When you combine the quietness, transparency, musical flow and tonality, even with a little loss of scale, I feel the Classic Records 45 rpm 200g Clarity pressing is the best choice and could even be considered a bargain considering the price and rarity of the original mono pressings. My only complaint is they take four discs to do this, but then I guess I’m just lazy. This is a LP that every jazz enthusiast should own; and while all three will let you experience its beauty and emotional involvement, I highly recommend Classic Records 45 rpm 200g Clarity version!
Black vs. Clear:
Louis Armstrong Satchmo Plays King Oliver
Disc One: Audio Fidelity ST 91058-45-200G- Clarity pressed by Classic Records
Disc Two: Audio Fidelity ST 91058-45-200G
Here we have two versions of the modern day 45 rpm single. They are full 12 inch LPs with only one song per side from very desirable albums.
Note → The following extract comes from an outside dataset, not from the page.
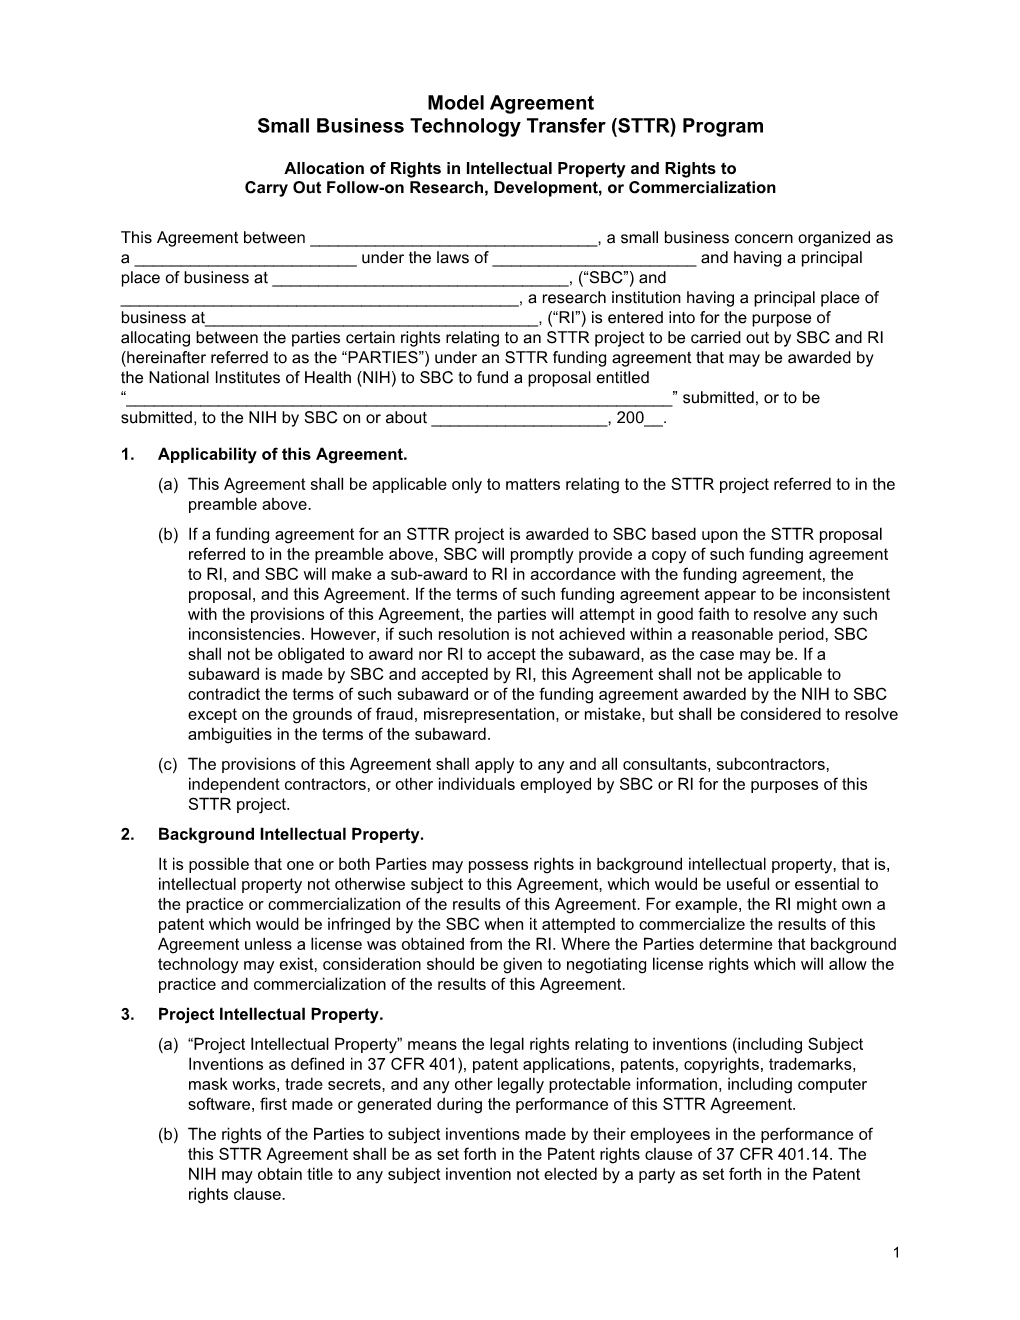 SBIR and STTR Grant Applications - 2001-2 - STTR Model Agreement - Appendix D

They are especially well suited for audio show. In this case they are also especially well suited to listen to for the difference between one that is pressed on good old high quality black vinyl, and the other on Classic Records new Clarity vinyl.
On Classic Records website they describe Clarity Vinyl as representing the ultimate in vinyl formulations because it is comprised of over 90% percentage of the highest quality co-polymer available. It seems that co-polymer is a key component in vinyl pellets used for manufacturing LPs. Clarity Vinyl also has no carbon black additives, common in vinyl formulas for LPs. They say that Carbon Black contains trace metals that become magnetized and cause “electrical distortions” during playback that smears the sound. By taking out the Carbon Black, Classic Records claims to dramatically reduce the “electrical distortions” and thus bring more “Clarity” to the playback process, providing a more realistic musical experience to the listener and LP enthusiast.
So, with these two discs both being cut at 45 rpm from the same sources we have a wonderful chance to compare these black vs. clarity vinyl. I listened to them both several times over a few days, and even had someone else put them on and off the table so I didn’t know which was playing, so I think I have a pretty good understanding of how they sound compared to each other.
On either LP the “St. James Infirmary” selection is so good that it is hard to imagine how anyone could listen to this on a good system and not be moved to applaud at the end. Still, as good as the black vinyl sounds I never once made the mistake of thinking it was the Clarity LP. The Clarity is simply a little better in every way. It is quieter, more transparent, more detailed, and more musical all at the same time. It does this without giving up anything to the black vinyl. So if you own the black LP of these two songs the solution is simple; hurry up and get the Clarity version and keep the black one for a backup, or better yet give it to a music lover who doesn’t have it. (That’s me. –Ed.) I think the black one is out of print anyway, so they should really thank you.
Congratulations to Classic Records, so far the Clarity pressing I have heard have all been superb!